O(2^max(m,n)), because of the exponential time complexity due to recursive function.

Space Complexity

O(max(m,n), the space used by the compiler stack. This depends on the height of the recursive tree.

Dynamic Programming Approach

The approach that has been explained above under the recursive solution can be easily memorized. Since the recursive function is dependent on two variables which are row, and column. Thus we create 2D DP array and store the result of each state. This will dramatically improve the time complexity because we are not resolving the same problems.

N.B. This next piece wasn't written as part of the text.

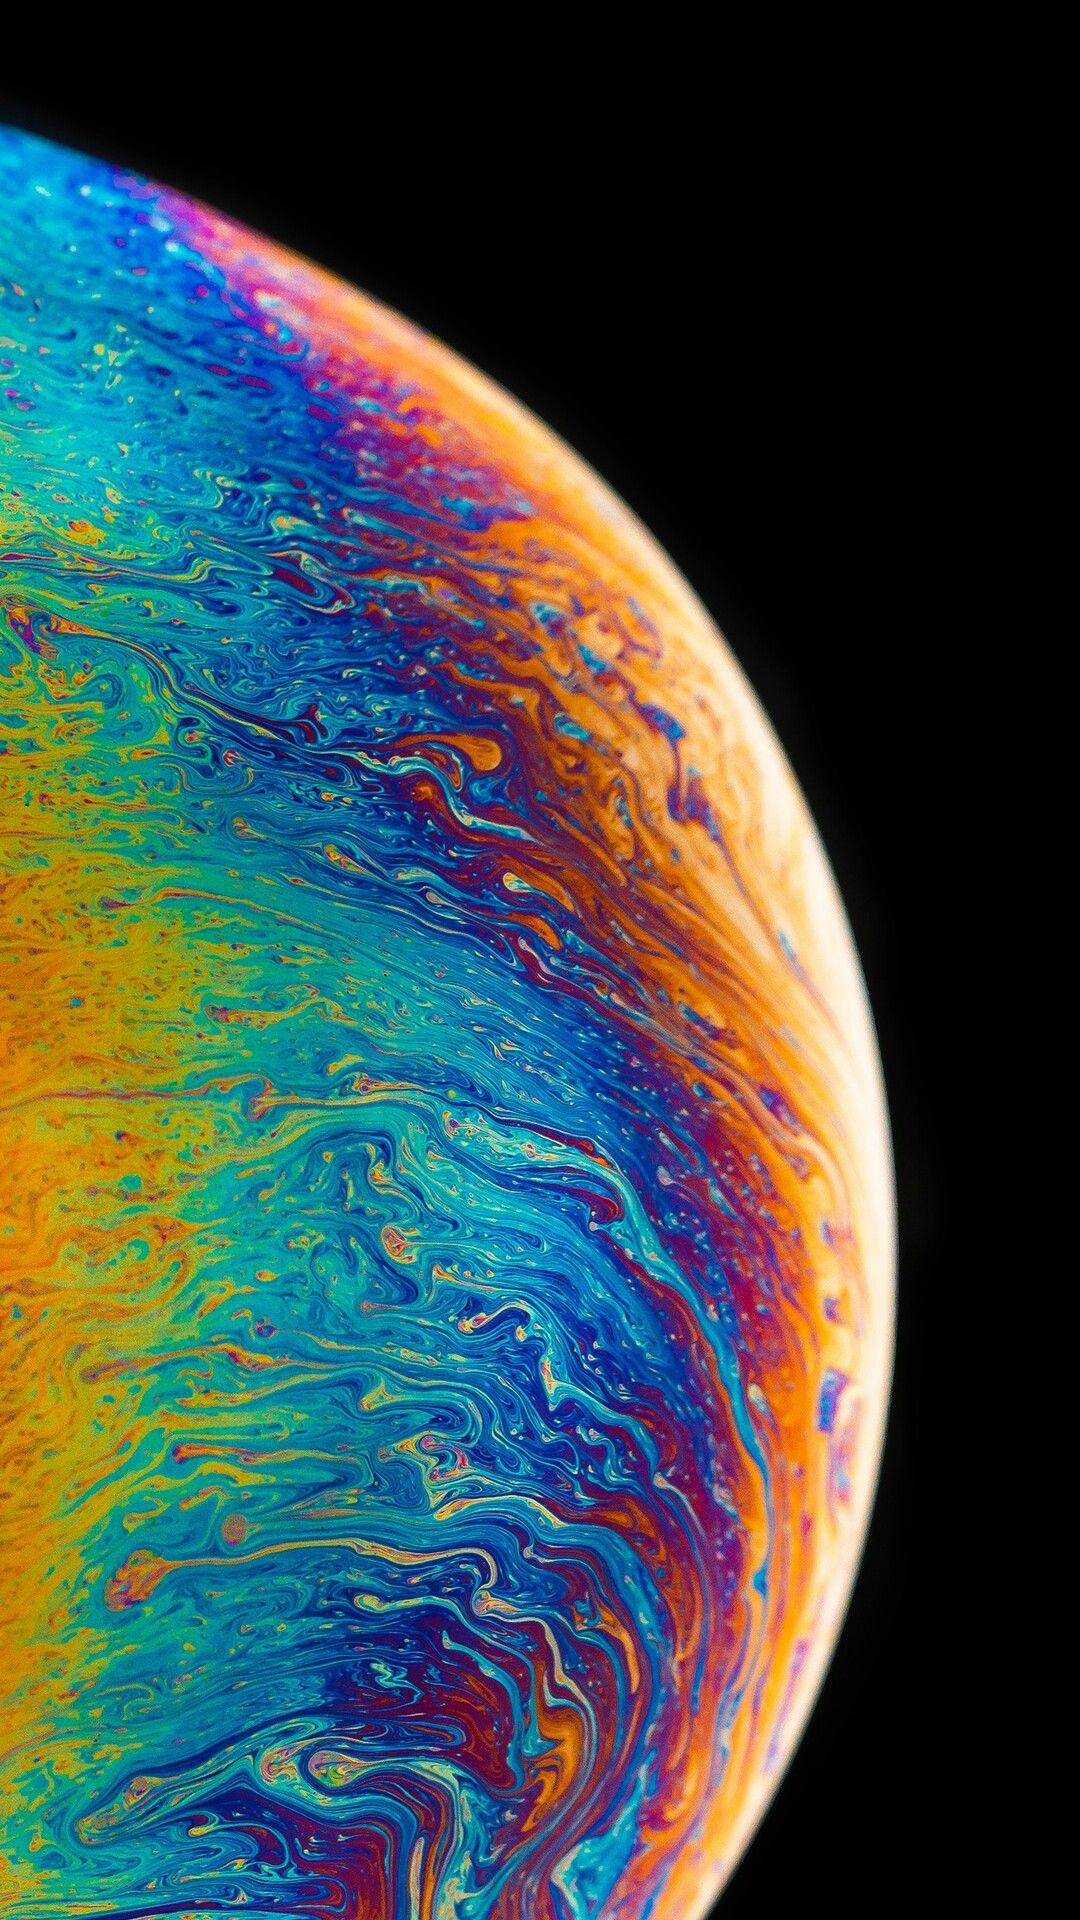 Iphone X Default Wallpapers - Wallpaper Cave

Dynamic Programming code for Unique Paths Leetcode Solution

C++ Code

#include <bits/stdc++.h>
using namespace std;

vector<vector<int>> dp;
int uniquePathsUtil(int m, int n) {
    if(m == 1 || n == 1) return 1;
    if(dp[m][n] != -1)
        return dp[m][n];
    return dp[m][n] = uniquePathsUtil(m-1, n) + uniquePathsUtil(m, n-1);
}

int uniquePaths(int m, int n) {
    dp.clear();
    dp.assign(m+1, vector<int>(n+1, -1));
    return uniquePathsUtil(m, n);
}

int main(){
    cout<<uniquePaths(2, 2);
}
2

Java Code

import java.util.*;
import java.lang.*;
import java.io.*;

class Solution {
    private static int uniquePathsUtil(int m, int n, int[][] dp) {
        if(m == 1 || n == 1) return 1;
        if(dp[m][n] != 0)
            return dp[m][n];
        return dp[m][n] = uniquePathsUtil(m-1, n, dp) + uniquePathsUtil(m, n-1, dp);
    }

    private static int uniquePaths(int m, int n) {
        int dp[][] = new int[m+1][n+1];
        return uniquePathsUtil(m, n, dp);
    }
    
    public static void main(String[] args){
    	System.out.print(uniquePaths(2,2));
    }
}
2

Complexity Analysis

Time Complexity

O(N*M), where N, M are used to represent the number of rows, and columns in the grid. Since there are a total of N*M states, the time complexity is also O(N*M).

Space Complexity

O(N*M), the space required is for creation of 2D DP table. The space complexity is polynomial for DP approach.